Athletics have suffered the most in places with the strictest lockdowns, such as California. Los Angeles County, for instance, initially required all youth athletes to wear masks while playing—even outdoors, where transmission is rare. In the Aspen survey, 40 percent of California parents of student athletes said that their kids had lost interest in sports. Similarly, in New York State, 38 percent of parents report that children have abandoned sports during Covid. By contrast, in Texas, with far looser Covid requirements, only 18 percent of kids have lost interest in sports, parents told pollsters.
Athletes, parents, and organizers have grown frustrated by inconsistent Covid policies, which sometimes put low priority on getting kids back to play. In early 2021, Michigan governor Gretchen Whitmer’s administration delayed the opening of winter scholastic sports by nearly two months, even though Covid cases were declining and the state had allowed bars to reopen weeks earlier. Parents and athletes protested the decision at the state capitol. The superintendent of Detroit public schools, Nikolai Vitti, wrote a caustic letter to Whitmer, pointing out that more than 99 percent of student athletes had tested negative for Covid the previous fall and warning that parents and coaches were threatening to sue the administration.

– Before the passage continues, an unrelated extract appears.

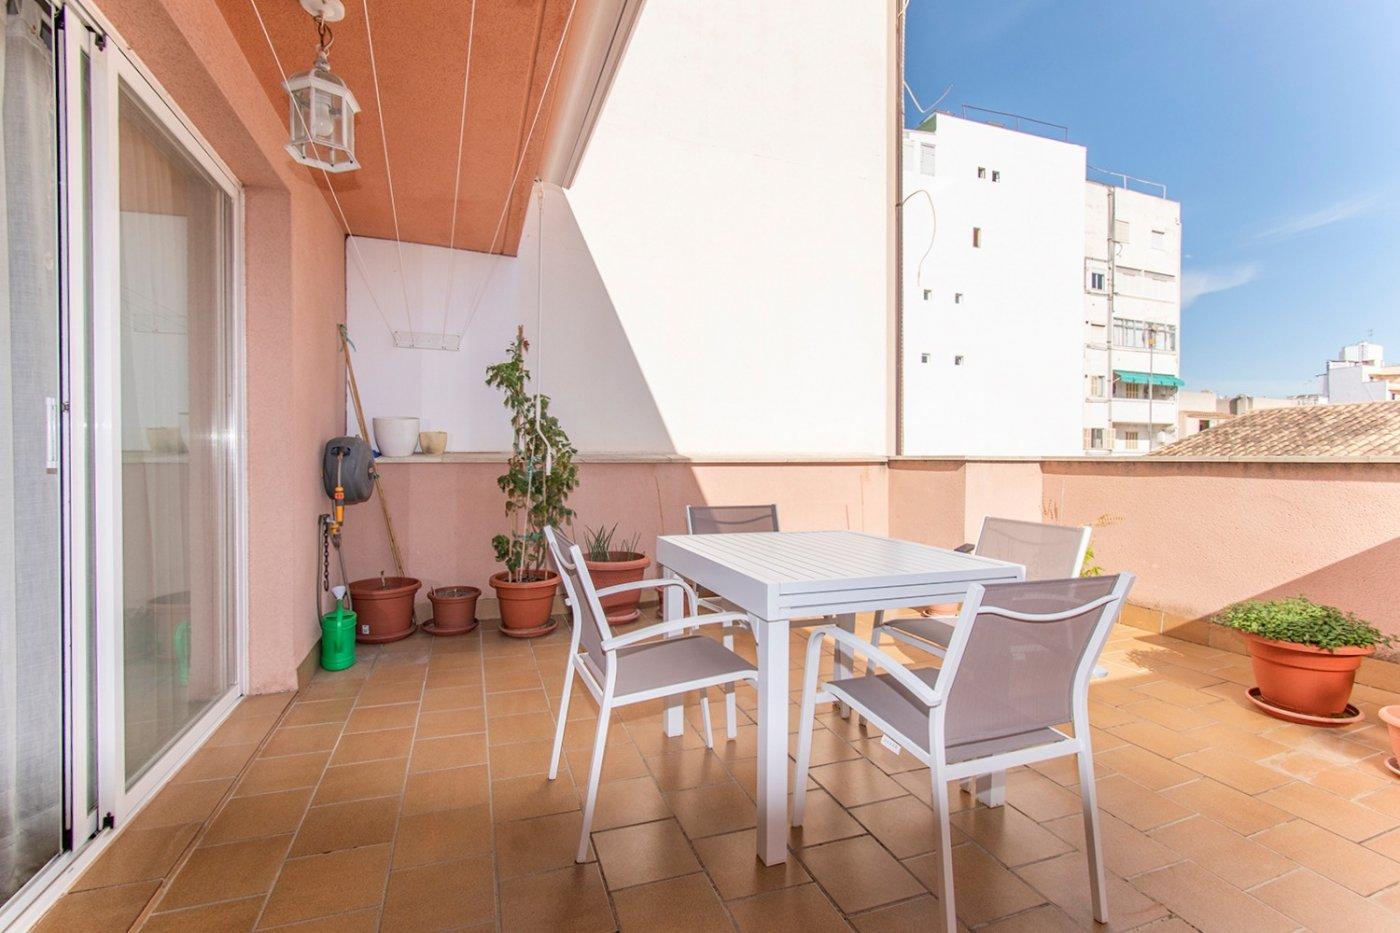 Ático-dÚplex de 3 habitaciones con terraza en planta en pedro garau (parking opcional) - imagenInmueble1

In some states and districts, advocates for youth sports balked at restrictions that shut down games, even as neighboring jurisdictions played on. In early 2021, Michigan coaches began lining up games next door in Indiana, a state with fewer restrictions. Pennsylvania governor Tom Wolf surprised parents and organizers by announcing at an August 2020 press conference that he opposed school sports resuming. That recommendation sent the state’s high school athletic association, which was ultimately responsible for making that decision but had not been consulted by Wolf, scrambling. By contrast, in neighboring New Jersey, as local papers noted, Governor Phil Murphy had worked with the state athletic association to develop a plan that reopened youth sports. Though the Pennsylvania athletic association ultimately allowed school athletics to resume, opposition from state officials was so strong that entire athletic conferences declined to play in the fall of 2020. Some school districts attributed their decision to cancel sports to liability fears, given the pushback from state health department officials.
Two years of Covid has taught us much. We know that youth are at much less risk of serious outcomes from the virus. Transmission rates among kids are substantially lower than those among adults, as numerous studies have shown. Conversely, lockdowns have exacted a steep toll on students’ physical, emotional, and academic life. We may be seeing the effects on this generation of young people play out for years after we’ve tamed Covid. Fortunately, the educators, politicians, and experts of some districts have recognized the importance of youth athletics and have worked hard to get them going again. Before the pandemic, some 8 million high school students participated in at least one sport. Understanding the value of youth athletics is the first step toward rebuilding this essential American institution.